Monday, April 12, 2021

Day 28, 29 - Tucson, AZ and Biosphere 2

Sunday (28) - Another hot day at 90°F by mid-afternoon. The two A/C units did a passable job. There is still a lot of heat that gets into the RV as the insulation isn't that great. And without a lot of wind, I could have the awning out to shade the refrigerator. It's been doing good with freezer temperatures around 3°F if I don't have the ice maker running. The additional load of making ice will raise the temperature by about 10°F.

Monday (29) - Today, we visited the Biosphere 2 site being operated by the University of Arizona. It is located about twenty miles north of Tucson. The purpose of the experiment was to replicate the biological processes on earth and see if humans can survive. They grew all their own food and had no physical supplies except what they brought in with them when the experiment started.

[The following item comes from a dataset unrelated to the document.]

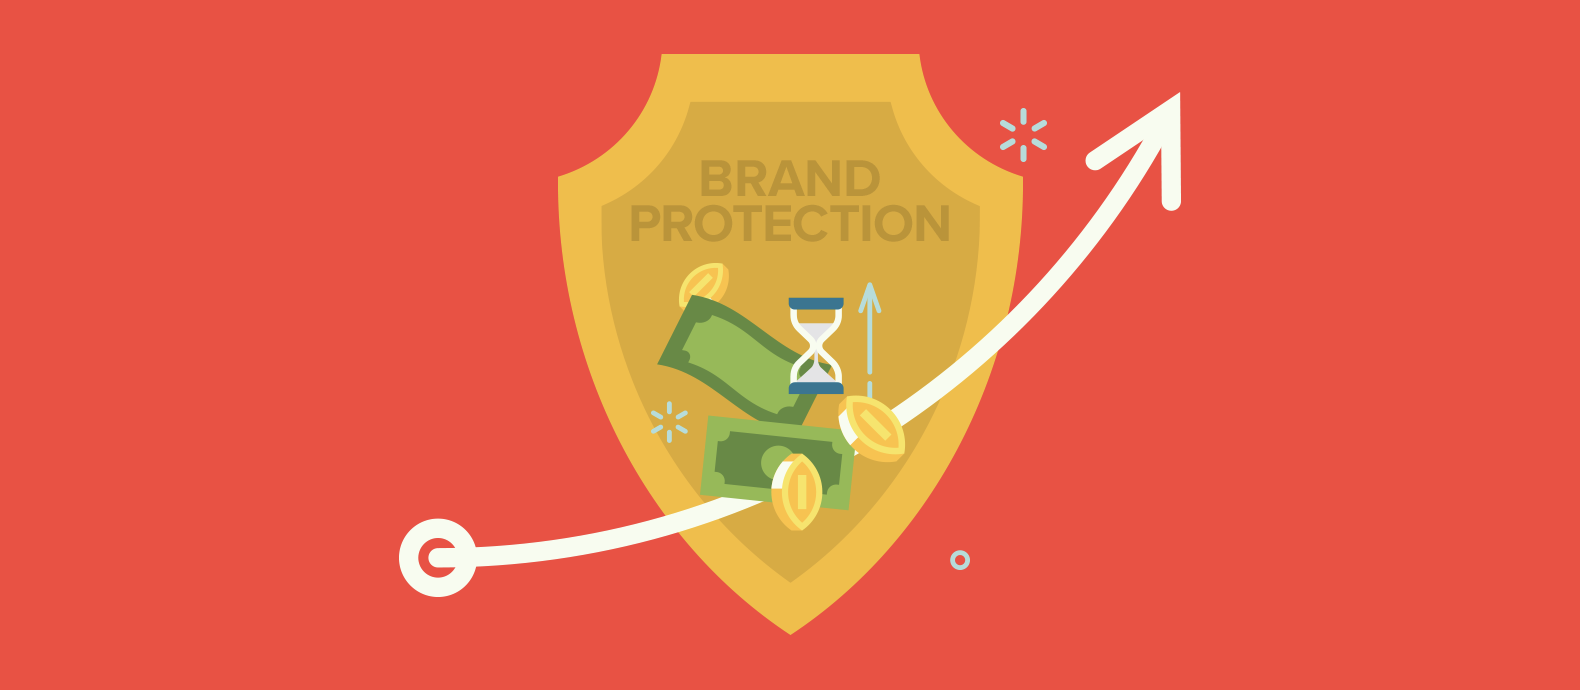 Why brand protection is important for growth - Red Points

This is the residential complex and the dome on top is the library. Apparently, it wasn't used much due to the long spiral staircase but from the pictures, the 360° view was pretty good. The glass pyramid structures are the different areas such as desert, rainforest, ocean, etc. They are full of vegetation all nicely labeled with the species and what part of the planet they were from. 

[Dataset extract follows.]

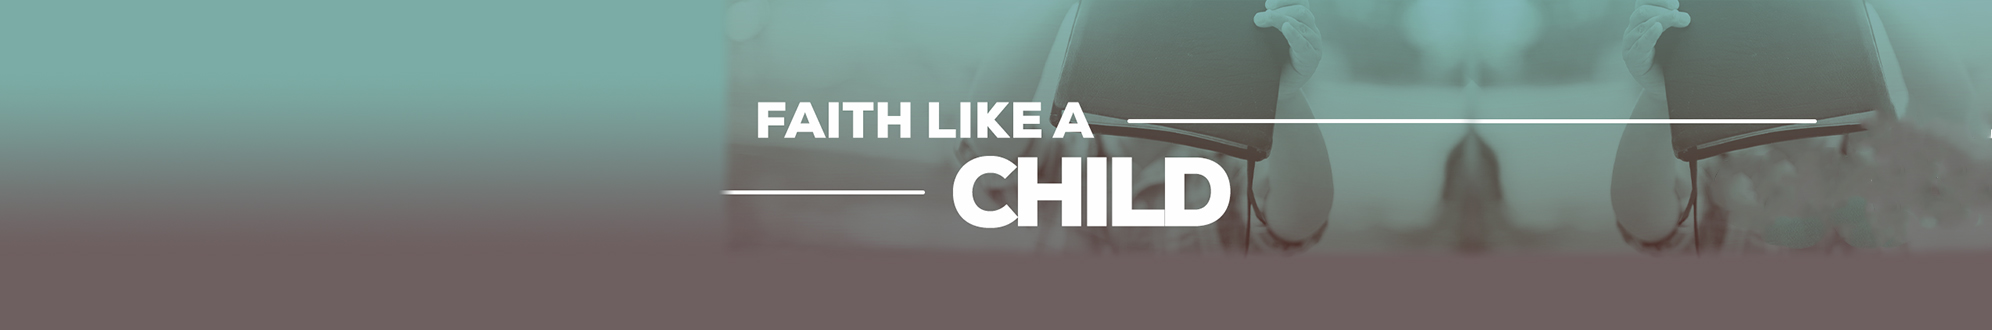 What Does Childlike, Not Childish, Faith Look Like?

This is inside the desert area. It was a very pleasant temperature and humidity. It is connected to the ocean area which is higher in the structure. With all of the glass, temperature control was one of the biggest tasks. If the power for chillers went down for even 30 minutes, the temperature would rise enough inside to seriously damage everything. So they say.

Here is the ocean. During the experiment, it was operated as a coral reef. The first use of the facility as a closed-system experiment was in 1991. The eight people were to live and work here for two years. The experiment was terminated early when they discovered that oxygen levels were dropping and, at the time, they couldn't determine the cause. The second run was only six months but they resolve the O2 problem and they achieved complete self-sufficiency for food production. 

This is in the rainforest region. Very hot and humid. There is an artificial mountain in the middle complete with a waterfall. Their food grown included coffee beans but the harvest and effort roasting the beans meant that everyone could have one cup of coffee every three weeks. Their diet was primarily plant-based even though they did raise some animals such as pigs and chickens. Their role was to process the vegetation that the people couldn't consume.

I remember hearing of this project and got the impression that it was only a partial success. The other side of this experiment was the human side. Could a small group of people survive in a confined area while raising all their food, recycling all water, and not hate everyone. These types of studies will be essential if people ever hope to be a multi-planetary species.

Not seen in my pictures are two domes listed as "lungs". These adjust the air pressure inside of the dome to match the ambient air pressure. Otherwise, the glass walls would blow out. Since the system is closed, the air needed to be collected and re-injected since no "new" air was permitted. At least initially. Additional oxygen was added when they couldn't figure out why the levels were dropping. It turned out to be a micro-organism population consuming the oxygen. 

I would recommend visiting the Biosphere 2 facility if you find yourself in Oracle, AZ. This is one of those places that I've wanted to visit for a number of years. I wasn't disappointed.
  



9 comments:

SonjaM said...

Thanks for sharing this, Richard. Although I would not want to live in a confined bubble should the surface be no longer sustaining life as we know it today, I find this to be a very interesting experiment. Does it function completely self-sustaining by green energy (wind, solar)?

Geoff James said...

Thanks from me too Richard. I followed the early days of the experiment - Popular Mechanics if I remember correctly! Thanks for the update.

redlegsrides said...

So these are the sights I missed by not paying the entry fee....thanks

RichardM said...

No. In fact there was a large team of people outside monitoring, maintaining power, climate, etc. inside of the biosphere. The focus was on food, air, water, and interactions. Power was externally supplied via solar, diesel, and natural gas generators. The cooling system used a lot of power.

RichardM said...

I remember hearing a lot about the experiment. Mostly negative. It was great to see it.

RichardM said...

It was pretty interesting. Though a little pricy.

Lynne Goebeler said...

Very cool visit, thanks for sharing!

SonjaM said...

Thanks for the info, Richard.

RichardM said...

I wanted to visit last year but I found out about it too late.